2014/11/04 14:45 JST配信
(C) zing 遺構全景
(C) zing 遺構全景

 ハノイ市バーディン区のタンロン城王宮跡(タンロン遺跡)E地区でこのほど発見された李(リー)朝時代(1009~1225年)の宗教建築遺構が新国会議事堂の駐車場建設により破壊されかねないとして、考古学者らから同遺跡の保護を求める声が上がっている。

 これについてベトナム考古学院は10月29日、ベトナム社会科学研究所及び文化スポーツ観光省、同市人民委員会ほか多数の関連機関に対して、同遺跡の保護を求める文書を提出した。

 歴史科学会のファン・フイ・レ会長によると、同遺構はベトナムと同系統の文化を持つ中国や韓国、日本をはじめ、世界にも例を見ない独特な構造だという。同遺構は木材と石材を組み合わせて、李朝時代から、更に古い大羅(ダイラ、8~9世紀、現在のハノイ市)時代までの文化層を貫いて築かれている。

 同遺構は現在の地表面から2.23mの深さで発見され、中心に位置する長方形の遺構と、その東西に広がる2重円の土坑群という複数の構造から成る。総面積は約400m2。長方形の遺構の中央には直径66cmの大型の丸い石材が据えられ、それを取り囲むように4本の木材の梁が組まれている。

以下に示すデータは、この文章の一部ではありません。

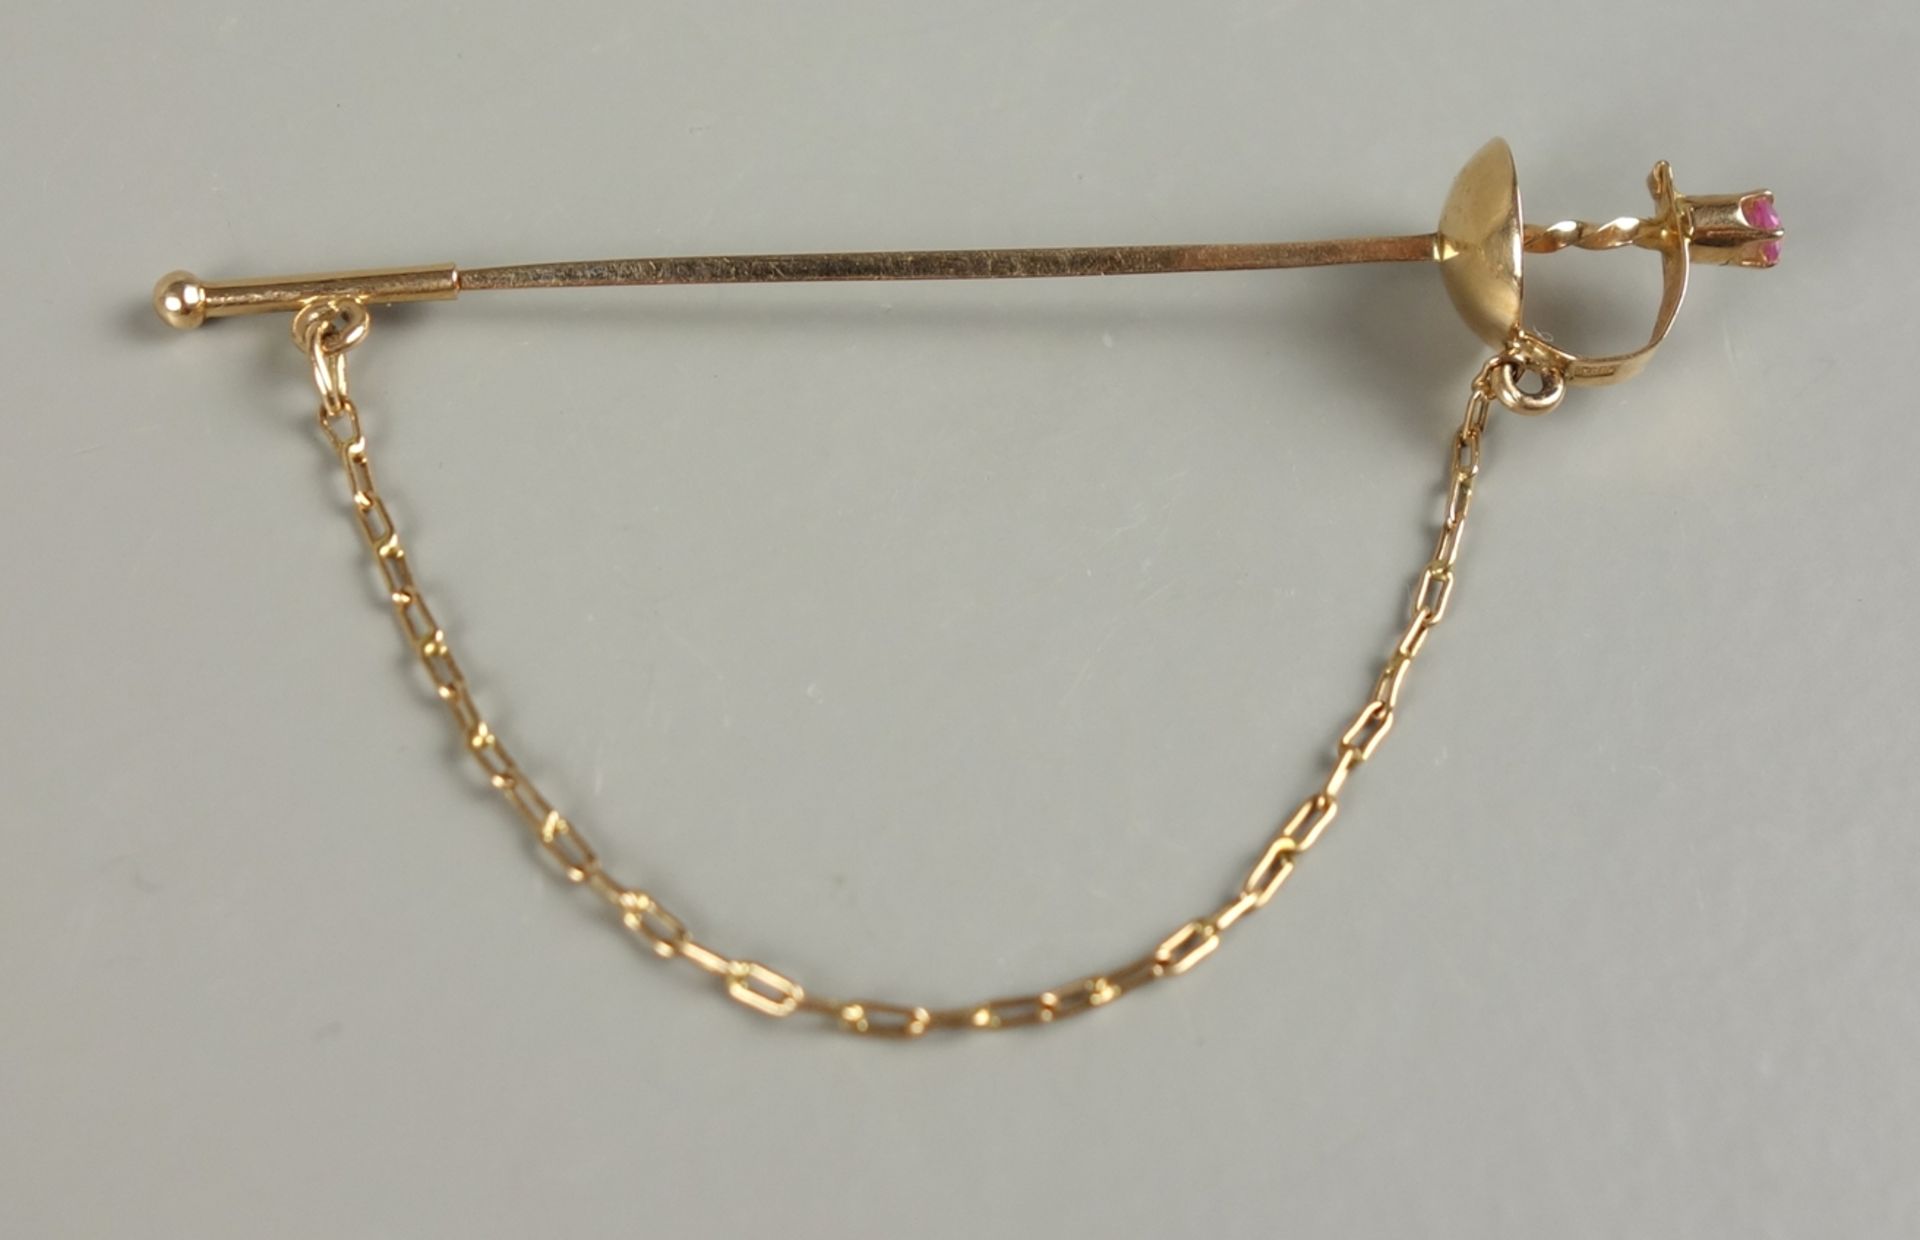 Krawattennadel in Form eines Floretts, 583er Gold, Gew.2,03g, L.6,8cmm mit Sich - Bild 2 aus 2

また、遺構の壁面にも木材が敷き詰められ、強固に築かれている。

 考古学者によると、長方形遺構には少なくとも5つの木製装飾があり、このうち1つには李朝時代の特徴的な仏教美術様式である彩色及び龍の刻文が施されているという。こうした遺物から、同遺構が李朝時代の仏教に関連した何らかの建築であり、特に同時代の明道(ミンダオ)期(1042~1044年)に属するものであると考えられている。

 また、奈良女子大学の上野邦一名誉教授は、同遺構はC区にある八角形の建築の中心と直線上に繋がると考えられることから、E区も同遺跡の中心軸上に位置していた可能性があるといい、更なる研究のためにも同遺構を保護すべきと述べている。

 ベトナム考古学会のトン・チュン・ティン会長は、詳細な遺構の研究、また同遺跡にある他の遺構との相対的な比較研究を行っていくためにも、タンロン遺跡を構成する「資産」(核心地域、コアゾーン)及び登録資産保護のための緩衝地帯(バッファゾーン)の境界に当たる同遺構を現状のまま保護すべきと強調している。

 ハノイ国家大学人文社会科学大学人類学博物館のラム・ティ・ミー・ズン館長は、遺跡の保護について外国人専門家の協力を仰ぐべきとしており、特に自国での知識と経験、技術を持つ日本人を招くべきとコメントしている。

 なお、タンロン遺跡では10月20日に開幕した第8回国会を機に、同遺跡に建設中の新国会議事堂の運用を開始した。しかし、これに先立ちユネスコ(国連教育科学文化機関)は、世界遺産である同地区での新国会議事堂建設及びそれに伴う遺跡破壊は違反行為であるとして関係機関に説明を要求しているが、現在までのところ問題解決は図られていない。